The data for poor neighborhoods are very homogenous. There are some outliers price-wise, but over all not much difference ($\mu = 173.53, median = 166.67, s = 49.34$). All properties are outside of Seattle, so there is not much variability in distance to center. Time since renovation is also very homogenous (right skewed, $\mu = 29.63, s = 15.31, median = 29.50$).
Additionally, there are very few properties with condition ratings of 1 and 2, reducing their weights. 
This might explain why we don't see any stronger correlations.


## Recommendation for Client

Since there are no meaningful correlations, it doesn't seem necessary to exclude further zip code areas in respect to distance to city center.
As for expected (renovation) costs it seems to make sense to look closer into properties with a KCH condition rating of 2 or 3 (1 would most probably become very expensive which would be represented in the later selling price). A further consideration of time since last renovation is only in so far efficient if we focus on properties where we have that information or which are not older than 40 years. Otherwise this information would have to be retrieved from KCH. It should be considered that the longer ago the last renovation, the more probably unforeseen problems (and costs) will arise, independent from KCH condition rating.

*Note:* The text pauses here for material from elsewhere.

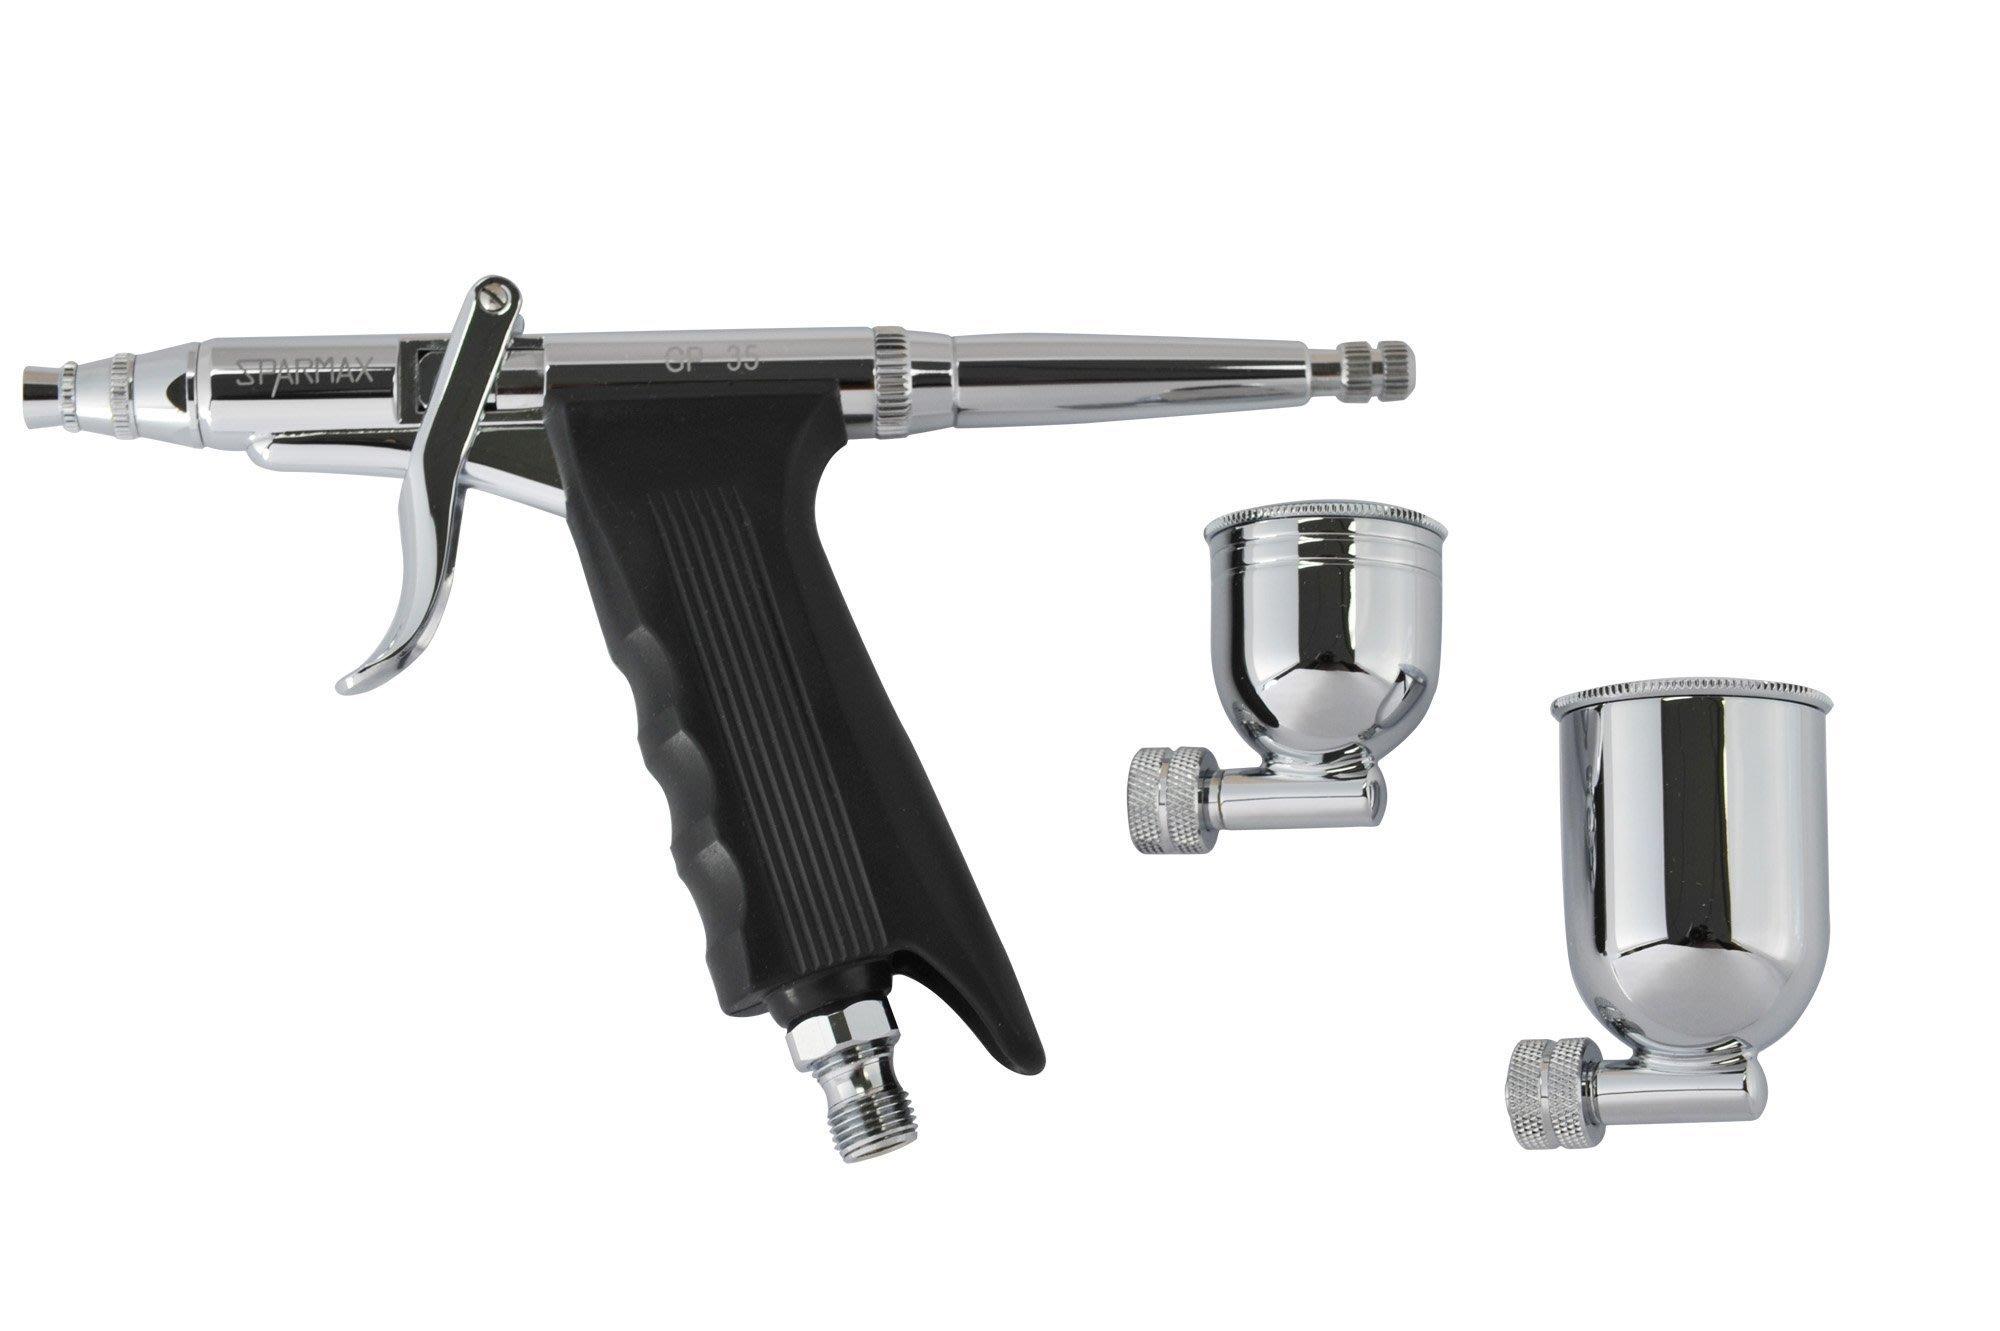 『最便宜噴筆』 SPARMAX 漢弓 GP-35 0.35mm 板機式 模型 美術廣告 彩繪指甲專用噴筆

I specifically recommend my client, Erin Robinson, to take properties into consideration for an investment that meet the following criteria:
* properties in 22 *poor* zip code areas
* KCH condition of 2 or 3
* last renovation not longer ago than 40 years
* since it should still be affordable after renovation: $price(total) <= median$ (social responsibility).
* Additionally looking for properties with at least 3 bedrooms to meet needs of families (social responsibility).

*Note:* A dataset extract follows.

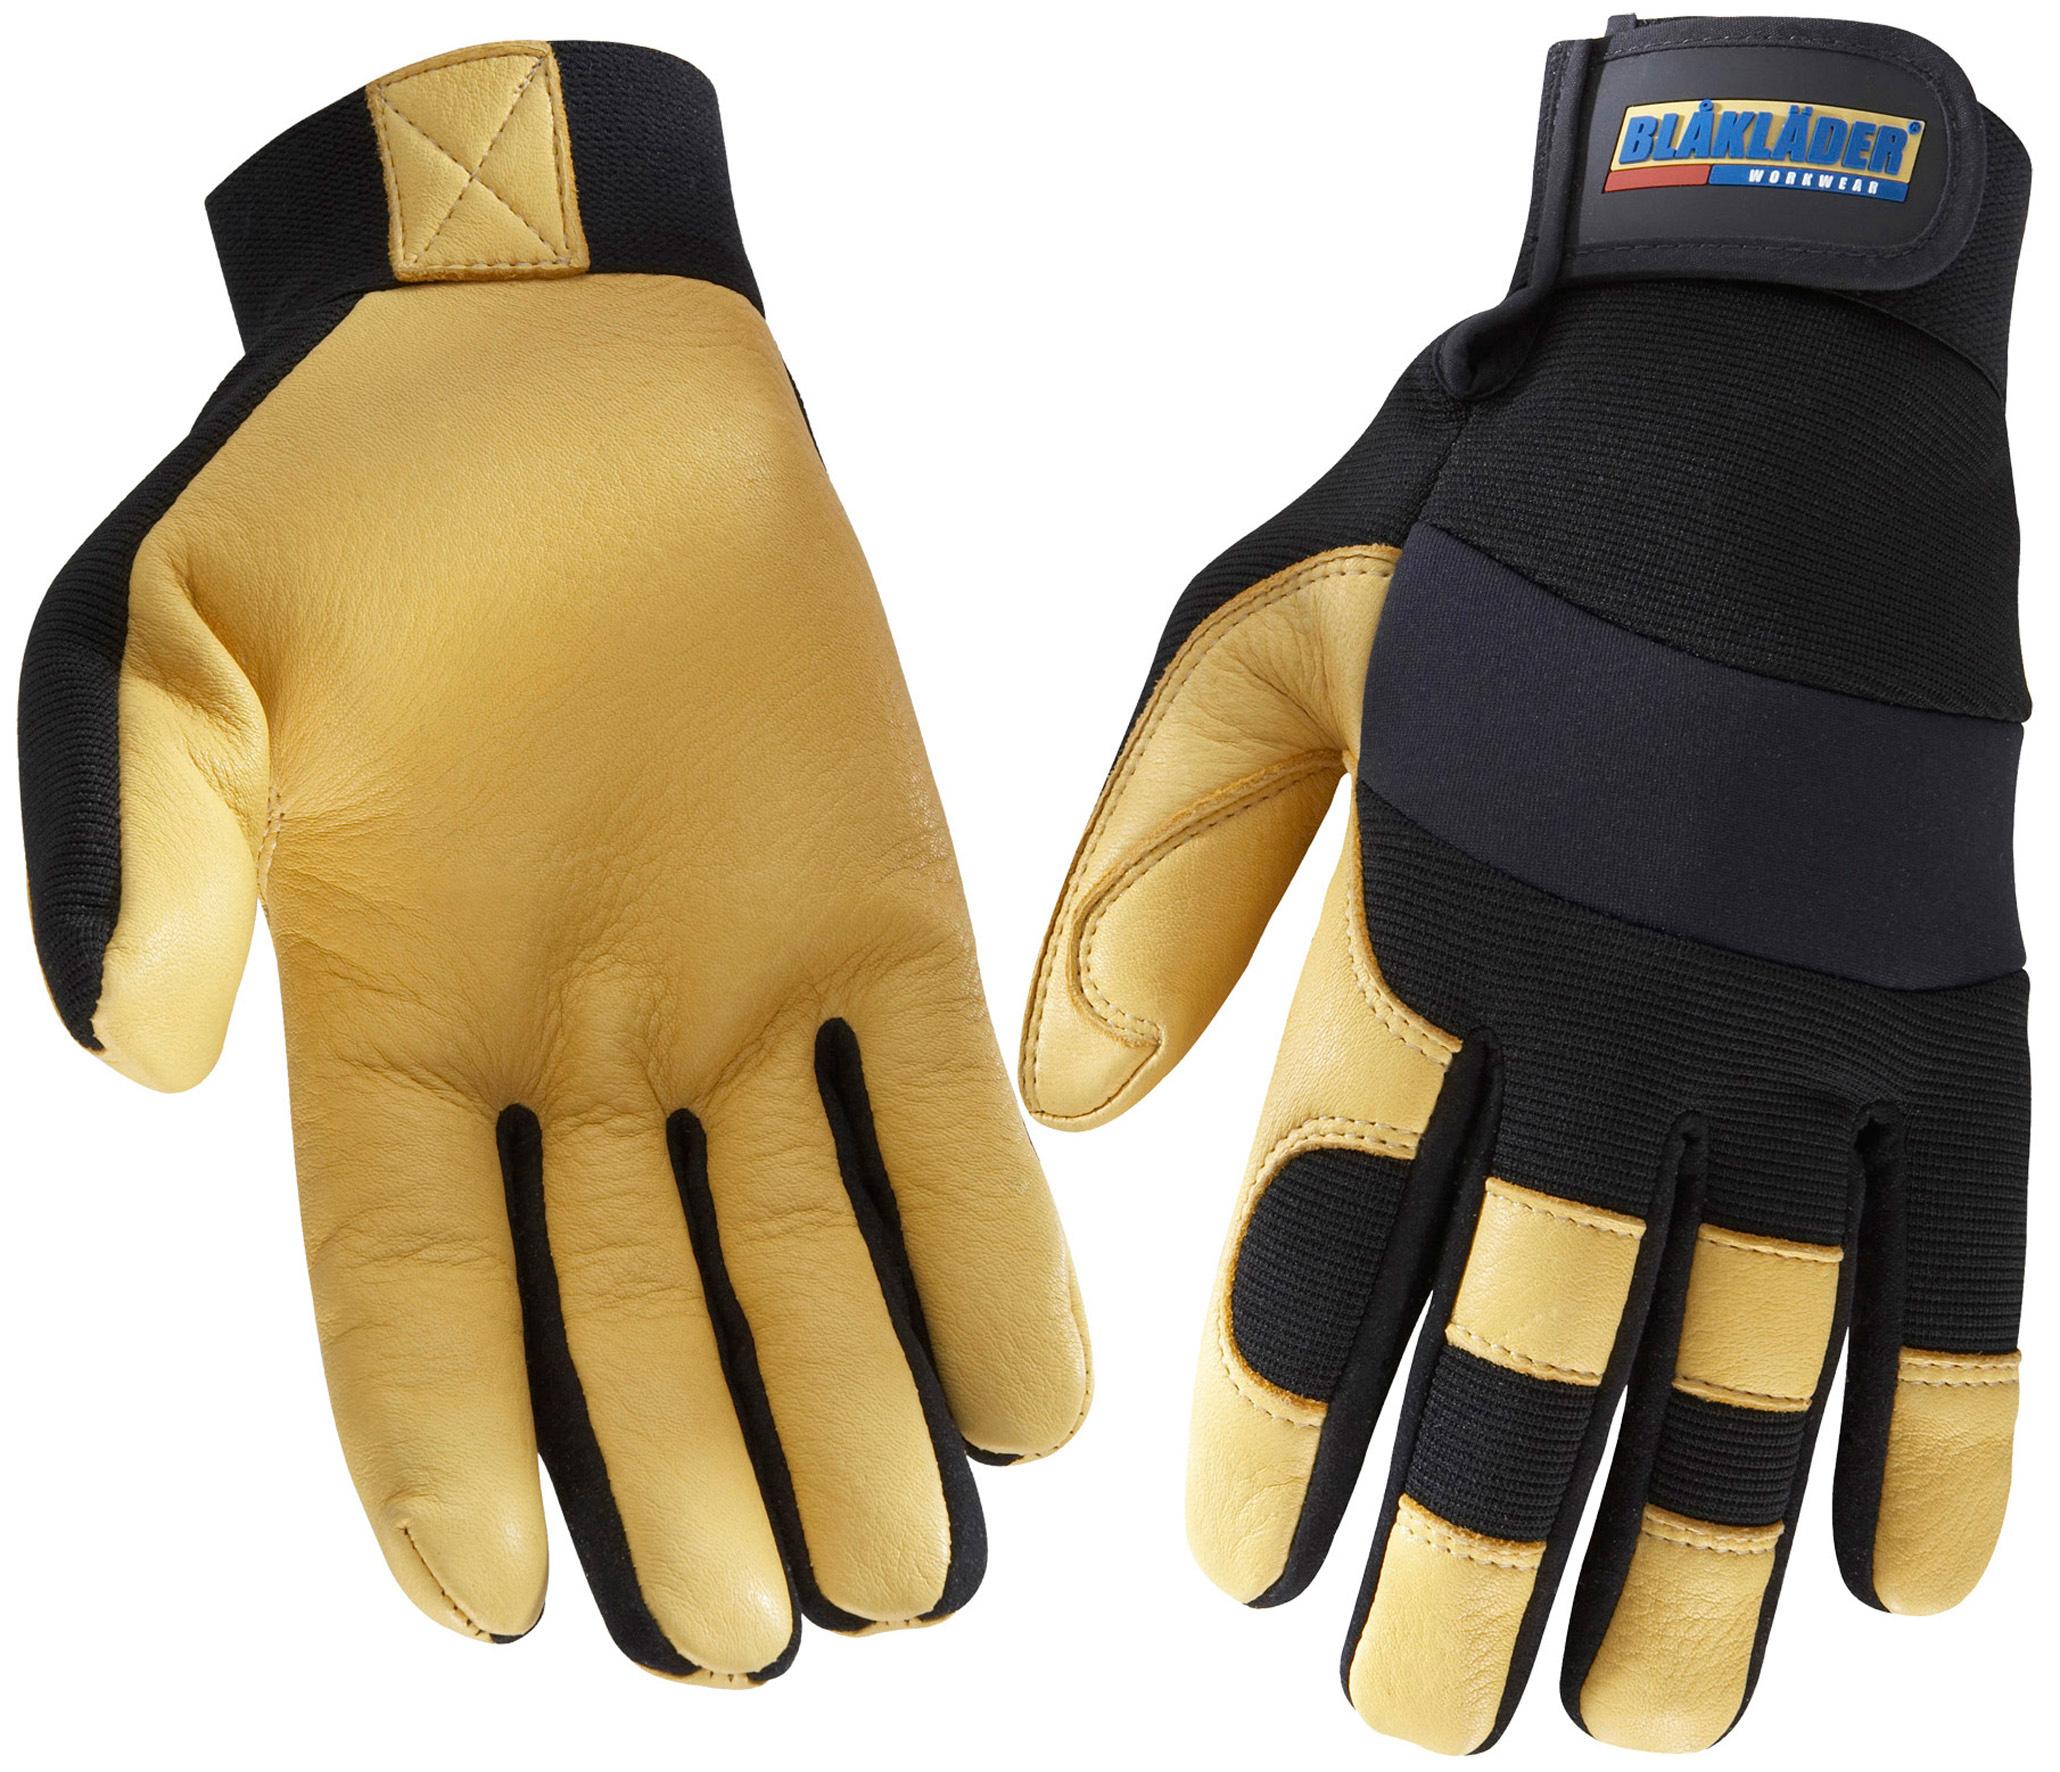 gants de travail hiver noir jaune cuir synth tique. Black Bedroom Furniture Sets. Home Design Ideas

The following properties meet all of these criteria:

In [None]:
# Need data frame with all information to look for bedroom number. import
kch = pd.read_csv('data/kch_clean_data.csv')

In [None]:
possible_properties = df.query('(condition==2 or condition==3) and (yrs_since_renovation>0 and yrs_since_renovation<=40)')['id'].values

### Final properties - investment possibilities

In [None]:
final_properties = kch.query('id in @possible_properties and price<=price.median() and price_sqft_living<=price_sqft_living.median() and bedrooms>=3'
                             )[['id','date','price','price_sqft_living','sqft_living','bedrooms','bathrooms','yr_renovated','yr_built','floors','sqft_lot','lat','long']]

final_properties

In [None]:
url_base = 'http://server.arcgisonline.com/ArcGIS/rest/services/'
service = 'World_Street_Map/MapServer/tile/{z}/{y}/{x}'
tileset = url_base + service

m = folium.Map(location=[47.60621, -122.33207], zoom_start=10,\
                control_scale = True, tiles=tileset, attr='USGS style')

m.add_child(plugins.HeatMap(zip(final_properties['lat'], final_properties['long'], final_properties['price_sqft_living']), radius = 12))